Money and Freelancers: Tricky Business!

How freelancers can invest? Financial stability is tricky for freelancers, as they need a consistent payday to look forward to. That is why developing a consistent financial plan and making longer-term financial commitments is hard for them. Hence, freelancers need to have financial planning where the money they save will help them float through times without a paycheck. 

Freelancing in Australia is a better experience because freelancers in Australia get employment benefits to some extent. Although they do not have the traditional employer-contributed superannuation, paid leaves, allowances, and health care coverage, freelancers tend to get much more than their employed counterparts. Hence, the major challenge for the freelancer is to control their spending and save money for retirement, health care, and other expenses all by themselves. 

Investments First:

Although freelancers also have to pay for rainy days of many kinds, they also have to save for investments to meet their long-term financial goals. Long-term safety and a good safety net are only achievable if the freelancers develop a strong safety net. Passive income is also a good way for a freelancer to have a solid financial backup. 

Australia and Freelancers- Match Made in Heaven?

A country’s Economic climate is a significant factor for freelance work or a business to thrive. The Australian economy has not seen a recession in 30 years, and that is a big success considering that the entire world saw a massive slump in 2008 with a Wall Street meltdown. The country has a solid and reliable regulatory setup that helps investors protect their money from any significant hits. 

Most significant economies in Australia focus on major cities such as Sydney, Perth, Melbourne, and others and consist of education, IT, and finance sectors. Freelancers in these three fields will find great work opportunities and ways to build connections in these regions. On the other hand, properties in these cities are expensive and hard to finance. 

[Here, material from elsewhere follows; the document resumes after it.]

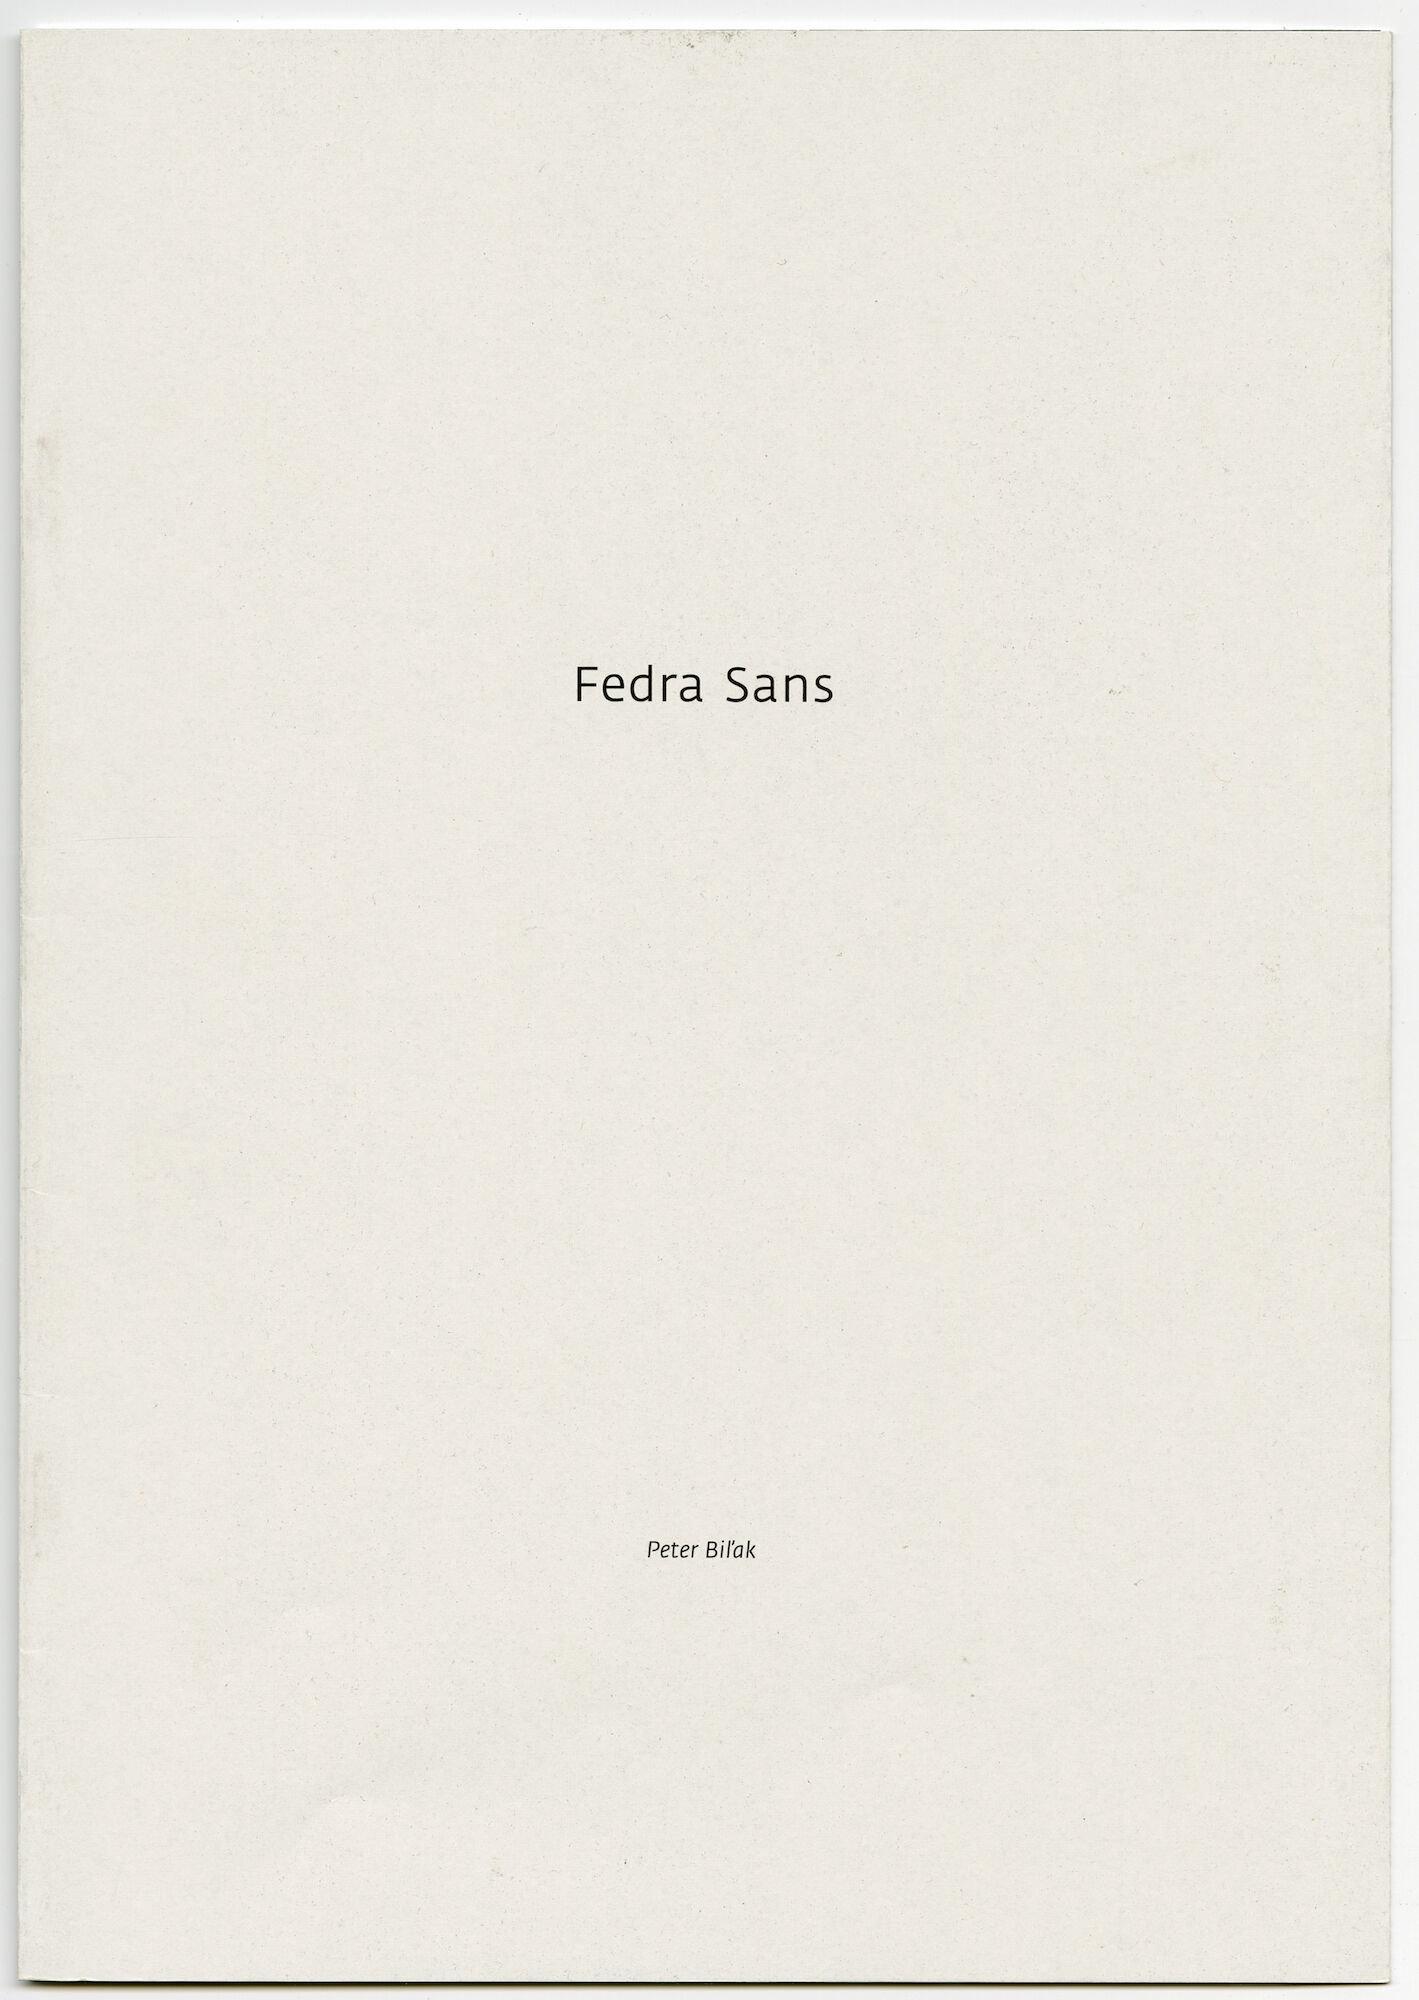 Letterproef met het lettertype Fedra Sans

Investment in Financial Safety Net In Australia:

Investment is an excellent way for freelancers to grow their safety net in Australia. As stated earlier, the country has a tremendous regulatory setup that allows investors to save and not lose their money through their investments buy and sell. Australian Securities Exchange. government bonds and real estate investments are few significant ways for a freelancer to save money. 

You should know here the superannuation is not exclusive to an employer-based financial arrangement. Freelancers can also set up a super fund where they make voluntary additions and gain impressive financial returns through compound interest rates. These superannuation funds are a good way for freelancers to develop a good nest egg for retirement. 

As they are available at central Australian banks such as ANZ, NAB, Westpac, and Commonwealth Bank, financial products are also an excellent way for freelancers to gain economic benefits. Advisory services available at these banks are also highly reliable due to the perfect regulation of the Australian financial sector. These advisors can help freelancers make excellent decisions about how to grow their hard-earned money. 

Have Financial Goals: 

From the city life of Sydney to the coastal strip of Queensland, the era of freelancers is upon us. Financial goals are the cornerstone of financial protection for freelancers, allowing them to have a strong backup. Develop a precise aim so that you know what you are trying to achieve. Saving money for the sake of ‘saving money’ only leads to missing out on significant, game-changing opportunities for investment. 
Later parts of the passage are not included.